Turkey: Gratitude for Awkward Grace

How did the turkey become the bird ambassador of thankfulness?


Admittedly it’s not the first thing you would think of, to look at one. While recognizing that beauty is in the eye of the beholder, I’d still wager that, for most people, a turkey does not rate highly on the scale of bird attractiveness. The only people that I’ve personally known to say “That’s a beautiful bird” have been my friends who are turkey hunters. They say this after they’ve shot one. That doesn’t count.


Taking a good look at a turkey— wild or domesticated— is more likely to evoke giggles than awe. From its gangly legs all the way up to its featherless red-and-blue head, its features are odd enough for us to sometimes forget it’s even a bird. When the male literally inflates its body, it’s reminiscent of a basketball. My various field guides use descriptors that—if applied to humans—would hardly be compliments. Spherical. Wattled. Naked head. Fleshy protuberance. Over the beak sits a long fleshy growth called a snood, that dangles roguishly to one side, obscuring the beak and surely getting in the way at feeding time. The snood seems to belong more on the pages of Dr. Seuss than on the face of an actual bird.


And let’s not forget that gobble. It’s perhaps the most recognizable call in the bird world, but not for its virtuosity. Instead it’s been described as a “throaty jumble” or a “shrill gurgle.” Don’t use these phrases to describe your spouse’s singing voice.


It’s simply hard to categorize a turkey. Their very name admits this. Spanish explorers discovered domesticated turkeys in Mexico in 1519 and brought them back to the Old World. Soon all over Europe, turkeys were trending. As they found their way to England, they were dubbed “turkeys” because of their resemblance to turkey-fowls from the Ottoman Empire. Their new name, sadly, placed them on the wrong continent. Confusing? Wait, it gets better. The Turkish word for the bird is hindi, which means “Indian", an origin that the French and Italians also espouse (the original French word coq d’Inde, now shortened to just dinde, translates as “rooster of India”). This is probably a holdout from the early misconceptions that the New World was really India. And to add to the confusion, in India they call the bird "Peru", borrowing for some reason from the Portuguese name. So to summarize, the English call it Turkey, the Turks call it India, and in India they call it Peru. Oh, and for what it's worth, in Malay it’s a “Dutch chicken.” Perhaps all of this intercontinental nomenclature only adds to the turkey’s awareness that no one truly understands him.


I know I’m being hard on the turkey, but first impressions aren’t always accurate ones. There’s an unspeakable majesty here as well. How can a creature somehow be strange and spectacular at the same time?

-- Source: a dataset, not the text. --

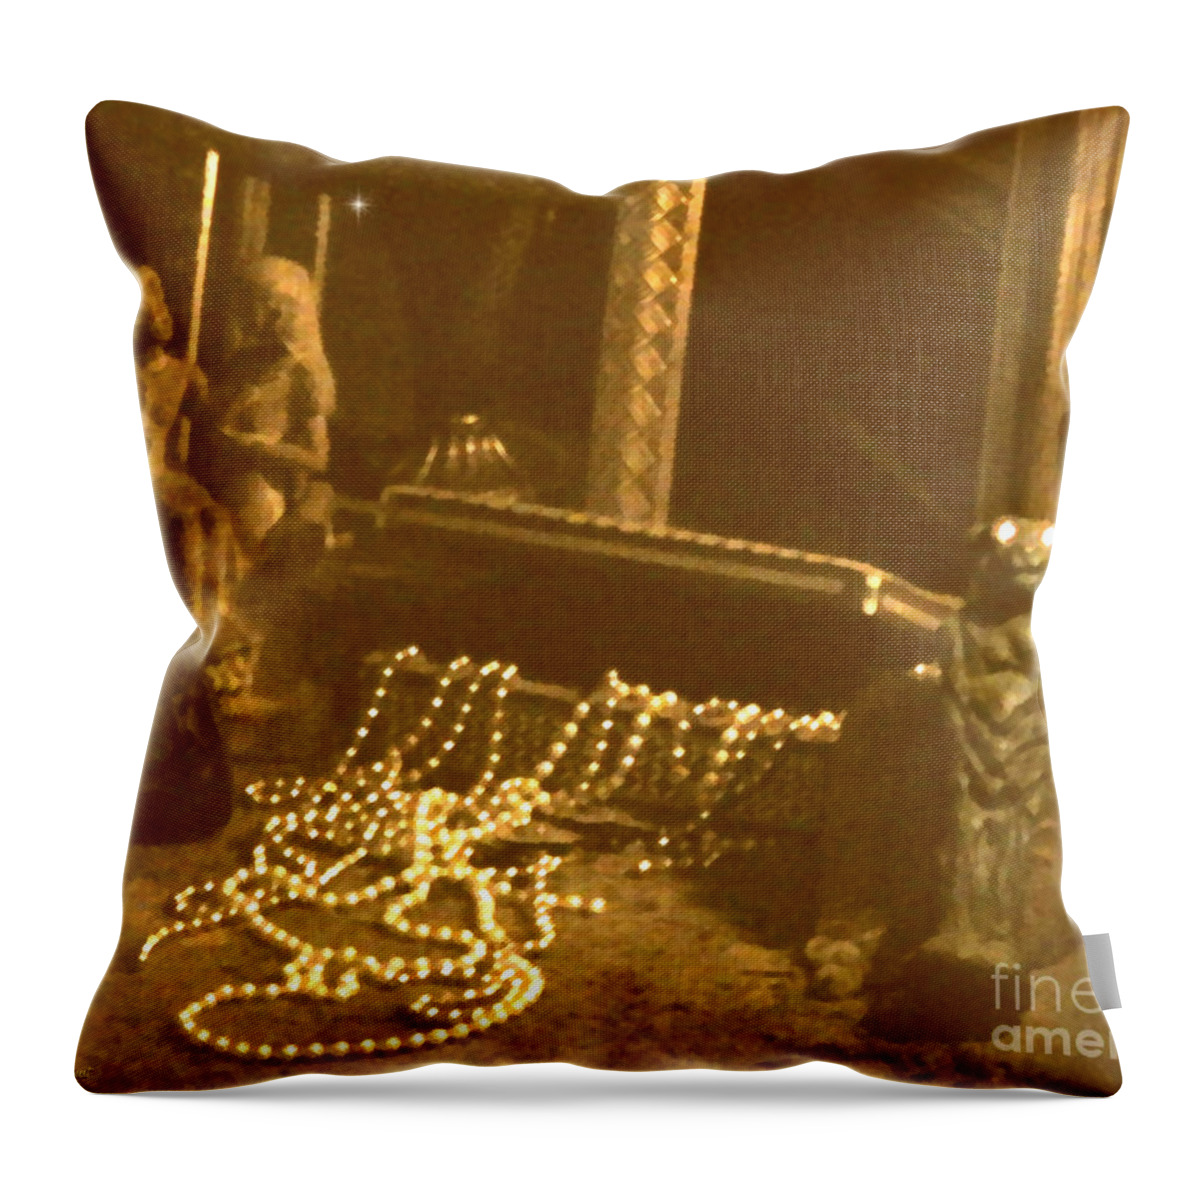 Cristopher Ernest Throw Pillow featuring the photograph All That Glitters by Cristophers Dream Artistry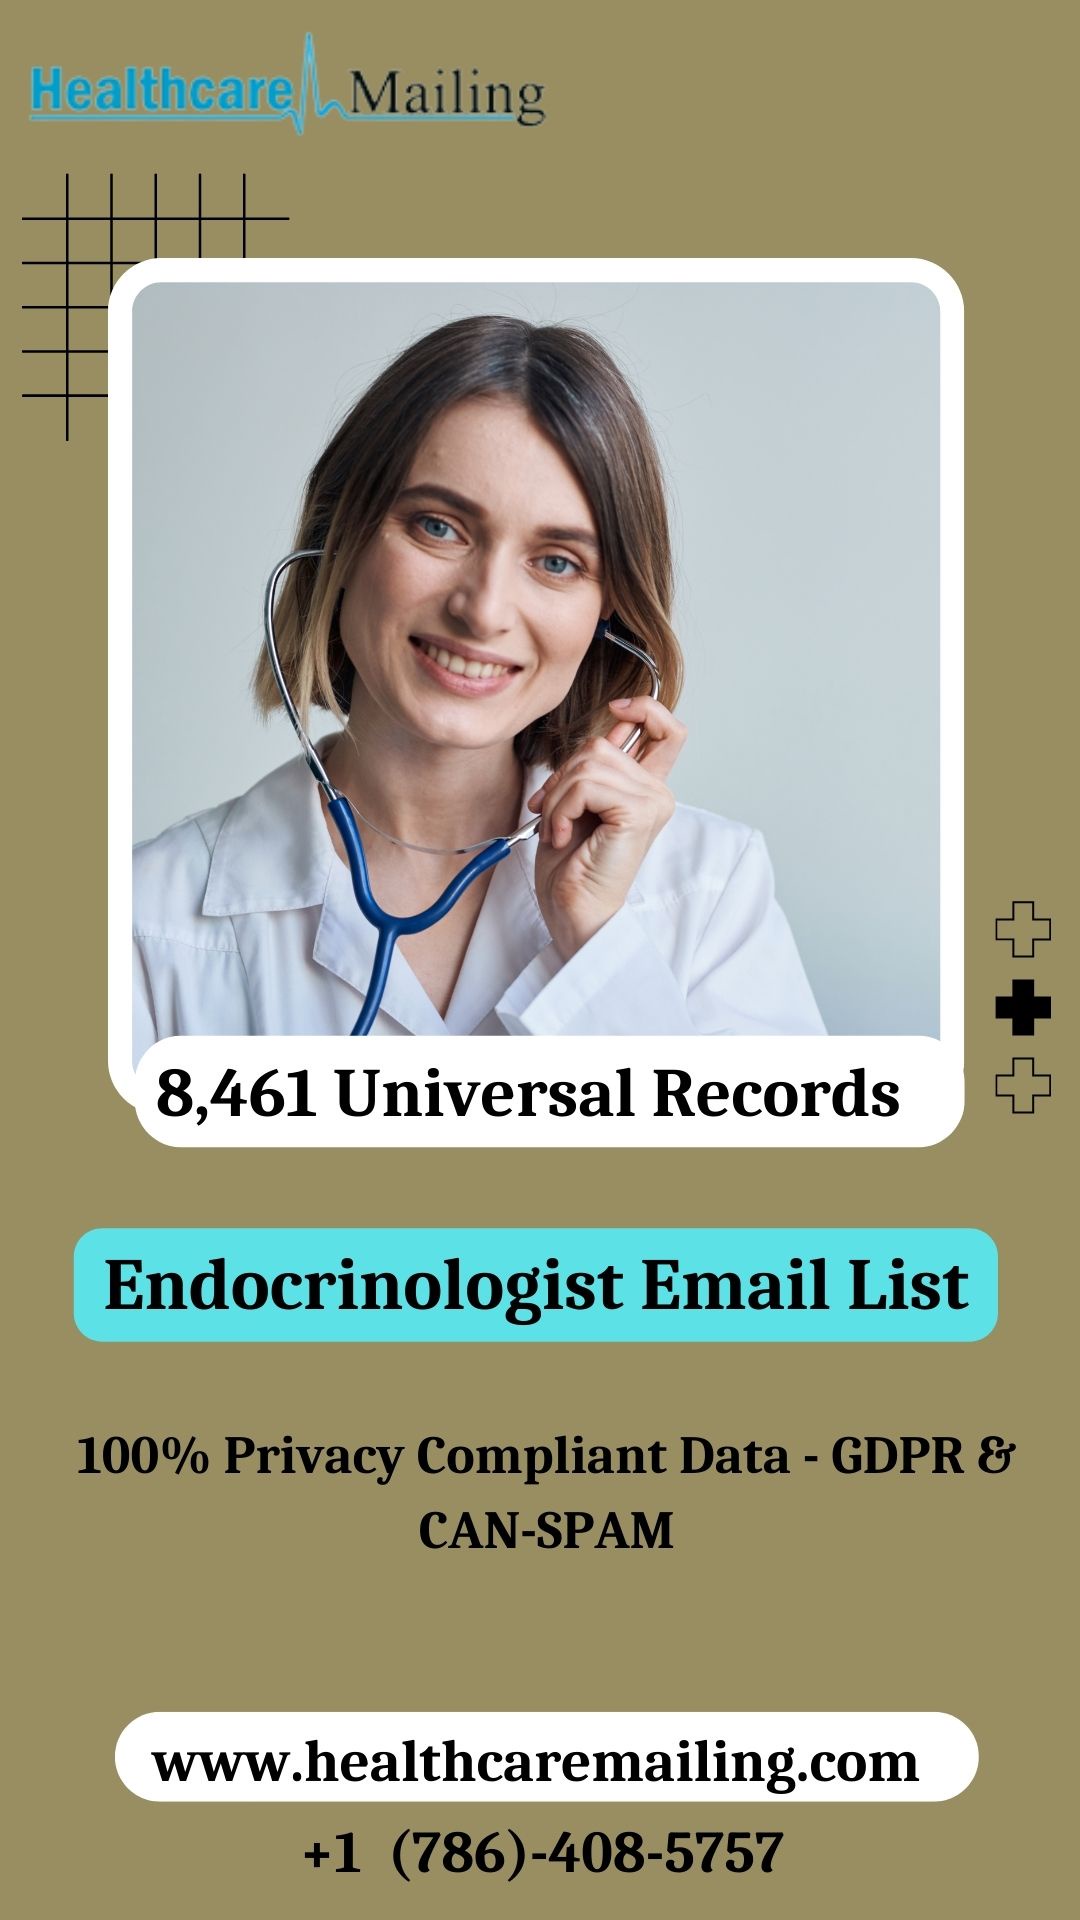 What are the benefits of an endocrinologist email list in email marketing?

Benjamin Franklin was one who saw this awkward grandeur. It’s often said that Franklin had nominated the Wild Turkey as America’s national bird. That’s not entirely true, but the rumor stems from a private letter to his daughter Sarah Bache in 1784, where he lamented the choice of the Bald Eagle as a bird of “bad moral character” who “does not get his living honestly”, often poaching fish from other raptors. He went on to call the eagle a “rank coward” for fleeing the aggressions of much smaller birds. But then Franklin takes a moment by contrast to wax eloquent on the turkey:


“For in truth, the turkey is in comparison a much more respectable bird, and withal a true original native of America. Eagles have been found in all countries, but the turkey was peculiar to ours… He is besides, (though a little vain and silly ’tis true, but not the worse emblem for that) a bird of courage, and would not hesitate to attack a grenadier of the British guards who should presume to invade his farm yard with a red coat on.”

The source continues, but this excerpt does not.